Helping to speed up Zarr

TL;DR: To enable many more people to train machine learning models on large, dense, multidimensional datasets (like weather and satellite datasets), I’m planning to dedicate several days a week (starting in September) to helping to speed up Zarr. This blog post describes my motivations for helping to speed up Zarr. And goes into a little detail on how I hope to speed up Zarr.

My ultimate goal remains the same as it’s been for the last few years: To help to mitigate climate change by substantially improving energy forecasting. Crucially, the goal is to help as many organisations as possible: To help other people who forecast renewable energy generation (because that’s the fastest way to climate impact).

This is a long-game. We need to lay some important foundations first. The idea is to take a “big swing”: and for me to be laser-focused on this work for the next few years. As such, starting in September, my aim is to spend several days a week writing code to lay these foundations.

I’m more excited than ever about applying cutting-edge machine learning (especially transformers) to energy forecasting. The tools & data exist to do incredible things. I think the results could be really impressive. I want to move beyond ML models which “just” convert numerical weather predictions to power. I want to train ML models which learn atmospheric physics (like MetNet-3 from Google) from the data and, crucially, learn to use the large amount of real-time data that’s available from sensors on the ground (such as solar systems). What does it take to do that? Training on enormous numbers of training examples, as fast as possible! (As well as many other requirements!)

Let’s take a step back and ask what has enabled the recent and very dramatic improvement in large language models (LLMs) (such as OpenAI’s GPT-4)?

One thing that enabled LLMs to make a huge leap forwards is the ability to train efficiently on enormous quantities of text. It’d be great to do the same for the weather. Weather observations are represented as multidimensional datasets, and to train models effectively we need to be able to sample freely and quickly from these multidimensional datasets (without spending a fortune!)

At their core, LLMs are transformers. Arguably, one of the main advantages that transformers have over previous sequence-to-sequence models is that transformers can be trained very efficiently on a significant proportion of all the text on the Internet. (Recurrent neural networks (RNNs), in contrast, are slow to train on GPUs). OpenAI put an enormous amount of engineering effort into getting data quickly into GPT-4 during training, and on developing huge datasets (including some synthetic data).

The challenge of sampling from multidimensional datasets

To train our solar-forecasting ML models, we need to sample arbitrary slices from large multidimensional datasets. For example, each ML training example might consist of a “slice” of satellite data that consists of 4 timesteps, 128 pixels high x 128 pixel wides, and 10 spectral channels. Each “slice” is sampled from a random location from the entire dataset, which might be on the order of 100 TBytes in size.

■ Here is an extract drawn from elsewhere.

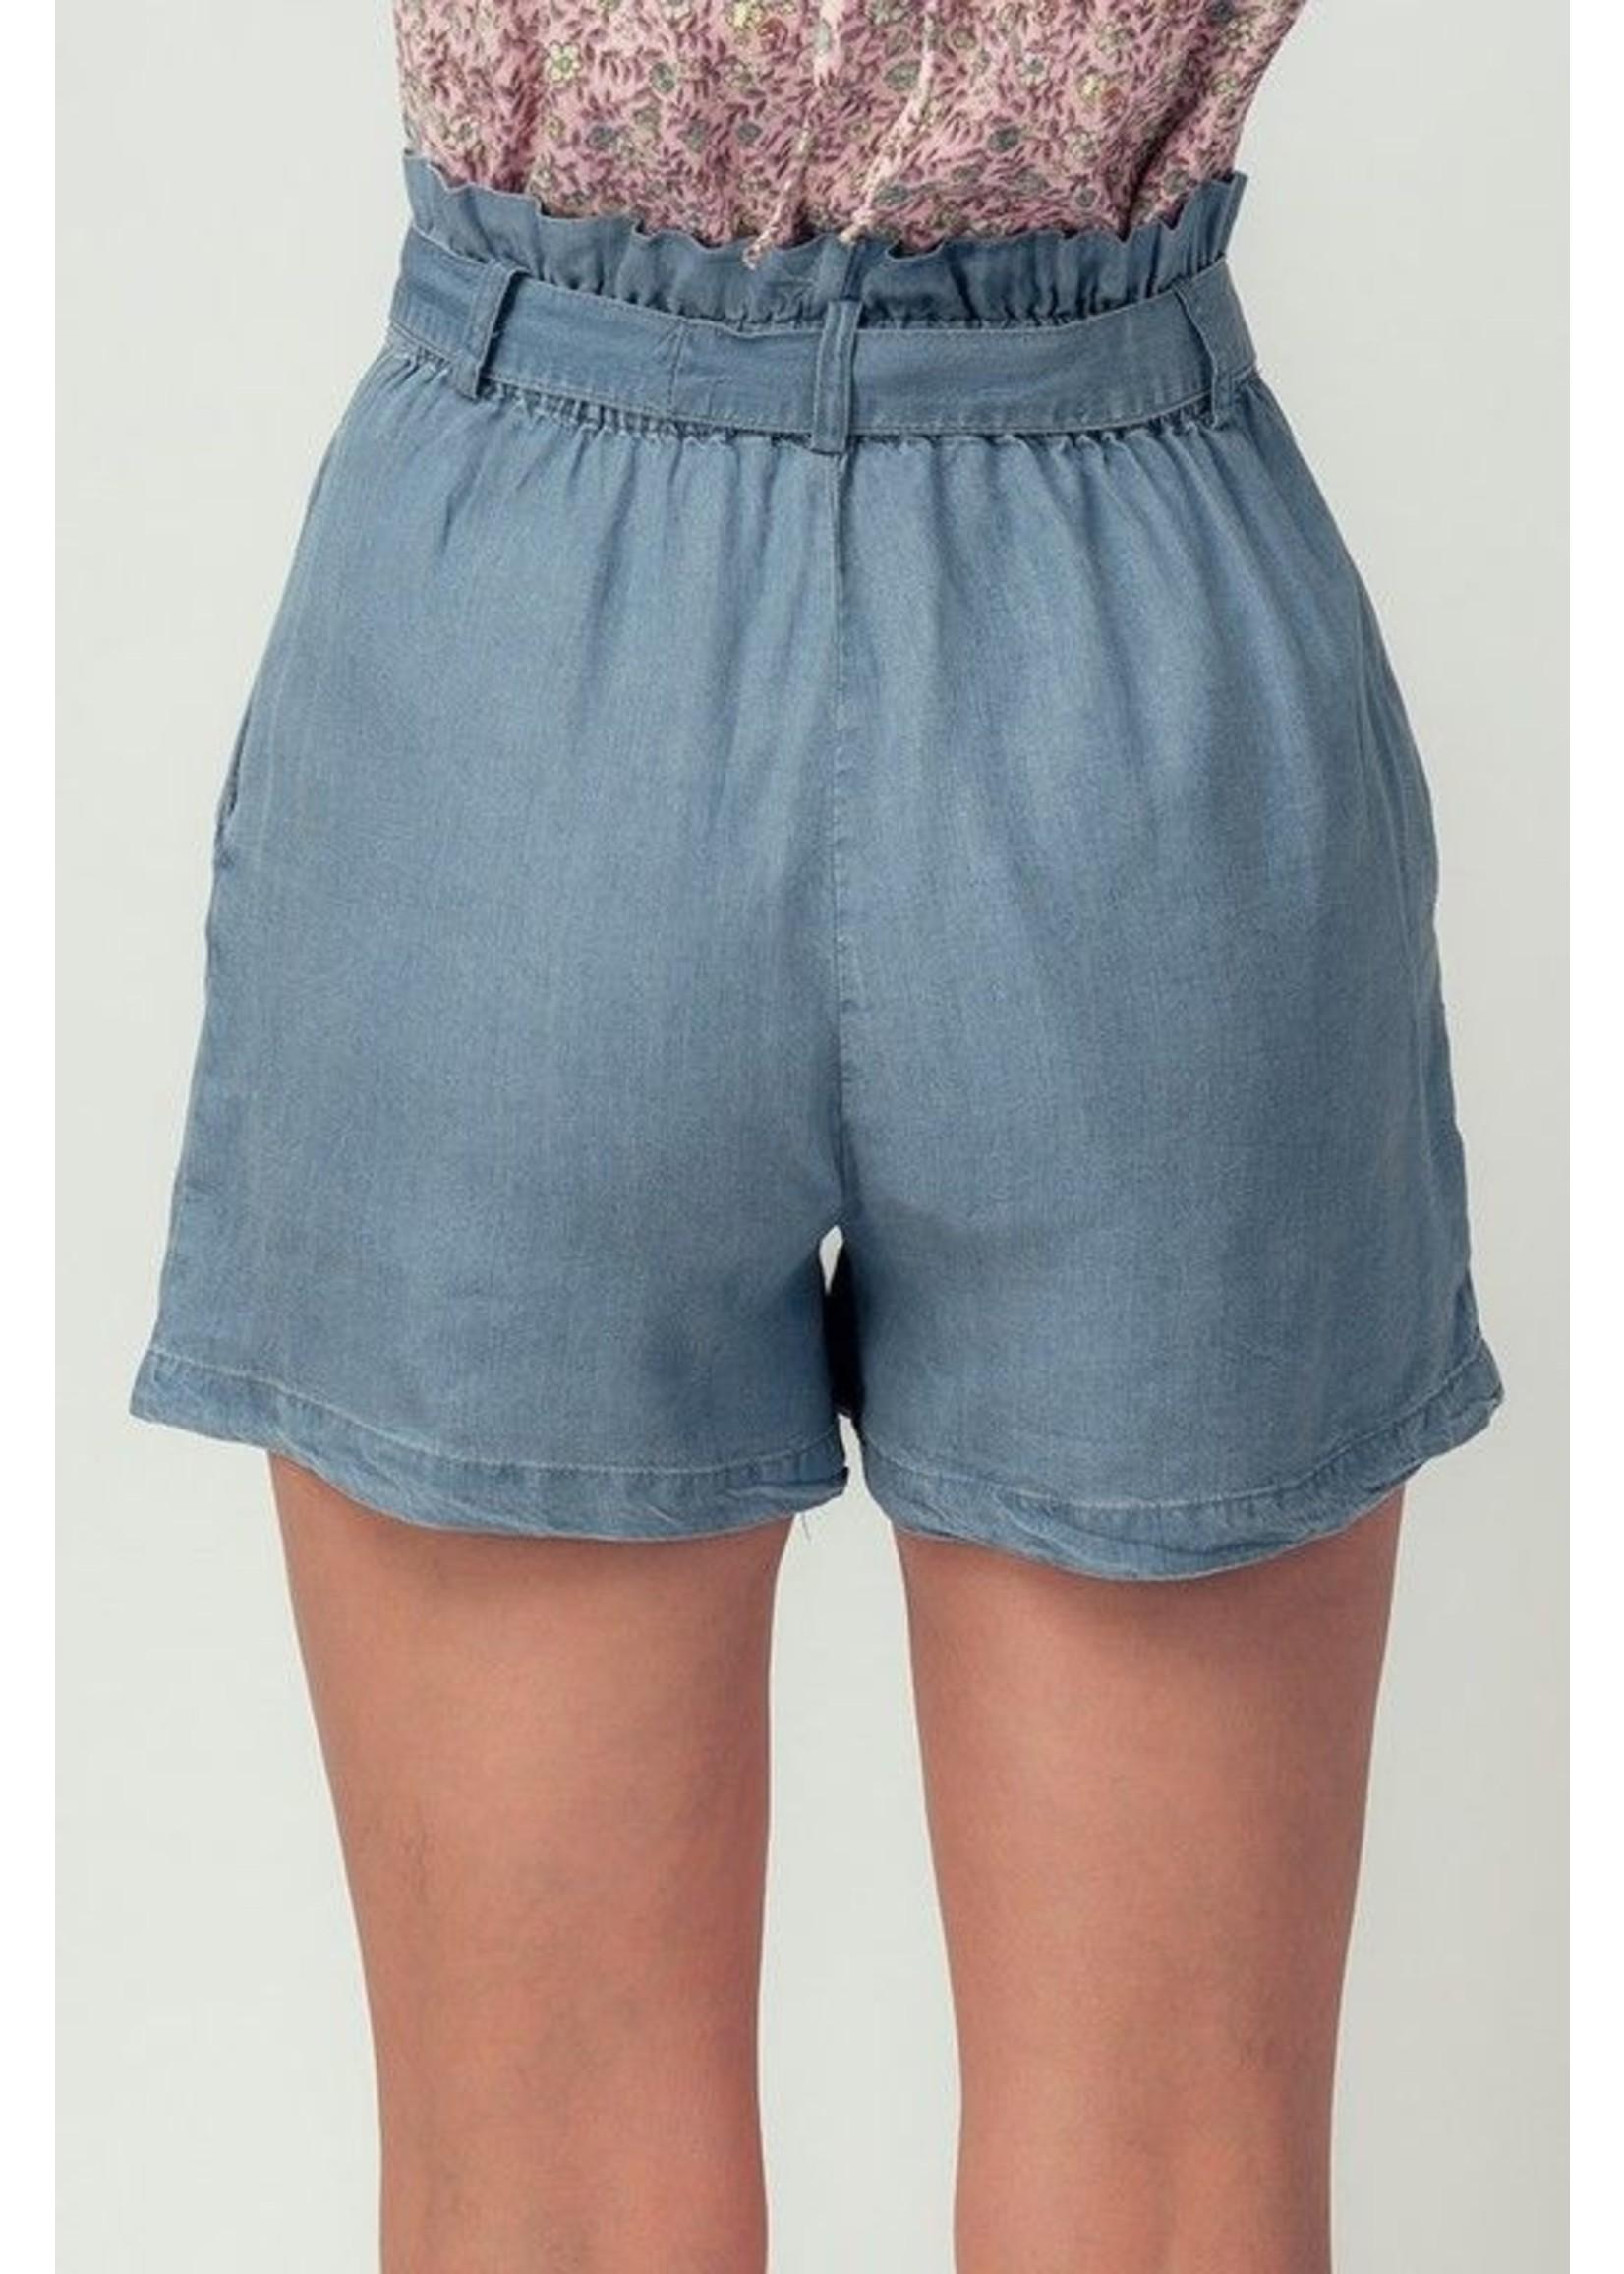 trend : notes Casidi Paper Bag Shorts Blue

If there’s no rush, then reading these “random slices” is perfectly do-able with existing tools. The challenge we face is that we need to read these random slices really quickly in order to keep the GPU fed with data during ML training. In practice, we find that we need to load data at a few gigabytes per second (per machine) in order to keep the GPUs fed.

Unfortunately, sampling quickly from multidimensional arrays is harder than sampling quickly from text. The fundamental challenge with multidimensional arrays is that computer data storage systems (RAM, spinning disks, SSDs, etc.) all store data as a 1-dimensional sequence of bytes. Which is a great fit for text (which is also 1D). But not such a great fit for multidimensional arrays.

To store a multidimensional array in a computer, the array has to be “serialised” into a 1D sequence of bytes. But, once the elements are in 1D, elements which were close together in n dimensions may now be a long distance apart on disk. This is a problem because most computer storage systems perform best when data is read sequentially (rather than sparsely). And, to make matters worse, if you compress the data on disk then it’s no longer obvious where each element of the array lives on disk. The end result is that reading a single multidimensional slice (which is contiguous in n dimensions) may require many sparse reads from disk. And sparse reads tend to be slow (to be more specific: sparse reads will always be slow from HDDs because it takes time for the HDD’s read-head to move to a new location. SSDs, in contrast, can read from random locations very quickly, but only if the SSD is given a very long list of random reads at once, so it can fully saturate its internal parallel data paths).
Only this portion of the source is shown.